Cartilage formation through alterations of amphiphilicity of poly(ethylene glycol)–poly(caprolactone) copolymer hydrogels

Hydrogels are of interest as scaffolds for cartilaginous tissue engineering due to their biocompatibility, swelling ratio, mechanical strength, and degradative behavior. This study was conducted to establish the most suitable poly(e-caprolactone)–poly(ethylene glycol)–poly(e-caprolactone) (PCL–PEG–PCL) triblock copolymer hydrogel for the optimal proliferation and differentiation of encapsulated chondrocytes for cartilage regeneration. PEG was copolymerized with PCL and then acrylated to confer photocrosslinking capacity.

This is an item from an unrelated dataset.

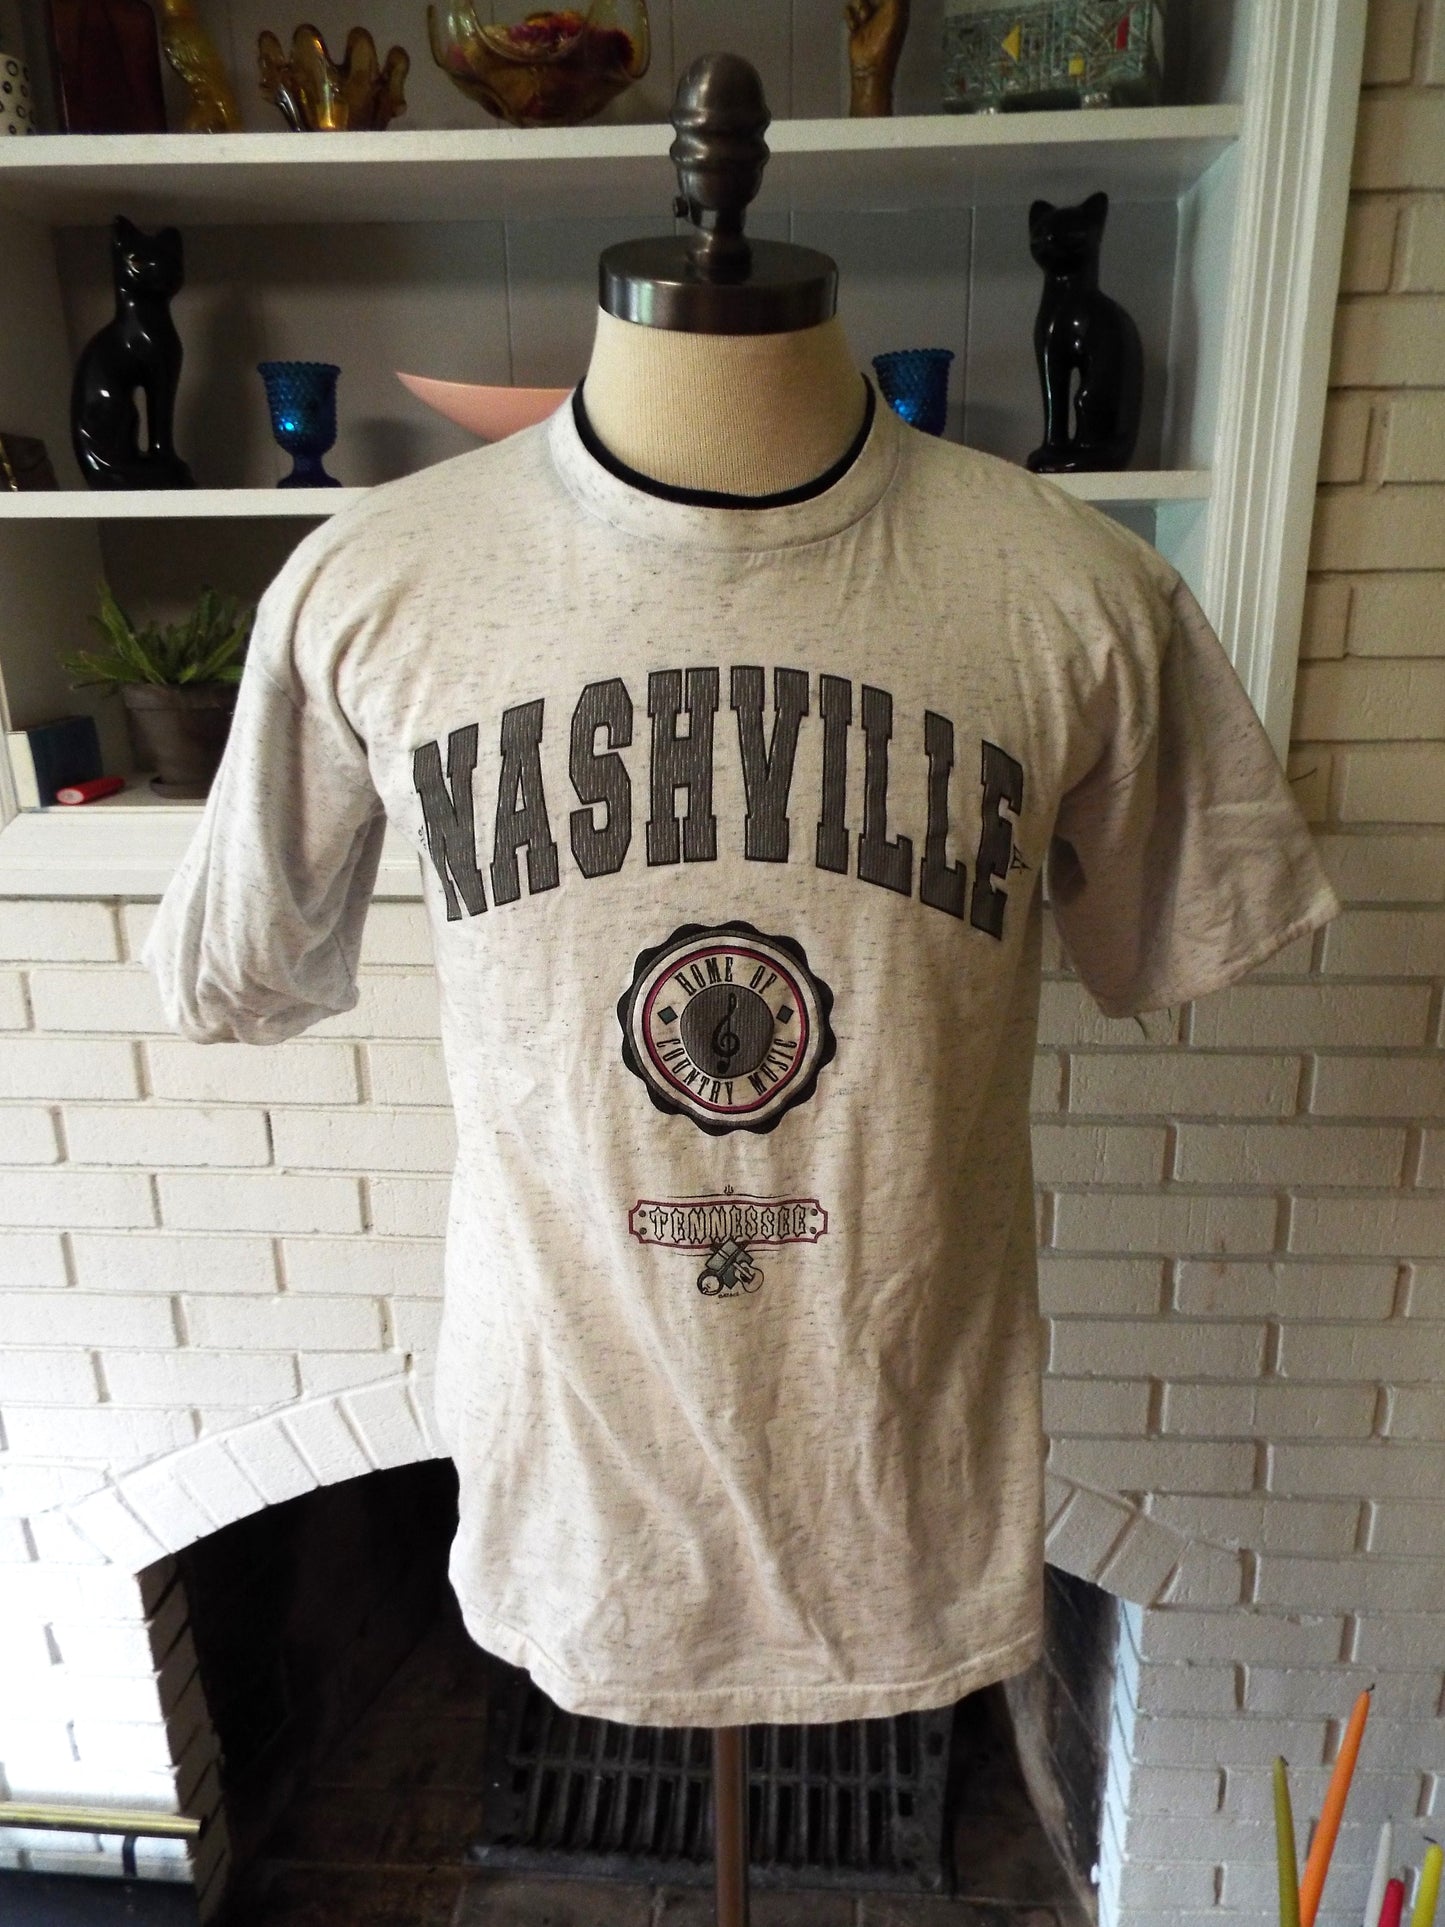 Vintage Nashville T-Shirt by Belton

Chondrocytes were encapsulated within photocrosslinked triblock PEG-co-PCL hydrogels prepared with varying compositions. The effects of composition on the hydrogel properties and behavior of embedded cells were studied by varying the molecular weights, and thus the segment length, of the PEG and PCL blocks. Hydrogels with high-molecular-weight (10 000 Da) PEG were associated with higher swelling ratios (9.6 ± 0.2) and a reduced elastic modulus (0.223 ± 0.007 N mm−2). Biochemical analysis indicated a positive correlation between the swelling ratio and expression levels of glycosaminoglycans and total collagen. There was a 1.8-fold increase in glycosaminoglycan and 2.4-fold increase in total collagen content in hydrogels with the highest-molecular-weight (10 000 Da) PEG when compared to hydrogels with the low-molecular-weight (2000 Da) PEG after four weeks of culture. Histological examinations revealed more extensive collagen type II secretion and accumulation around chondrocytes when the molecular weight of the hydrophobic PCL segment increased. The lengths of the hydrophobic (PCL) and hydrophilic (PEG) segments resulted in changes in the properties of hydrogels that improved cellular proliferation and the production and distribution of extracellular matrix for cartilage regeneration.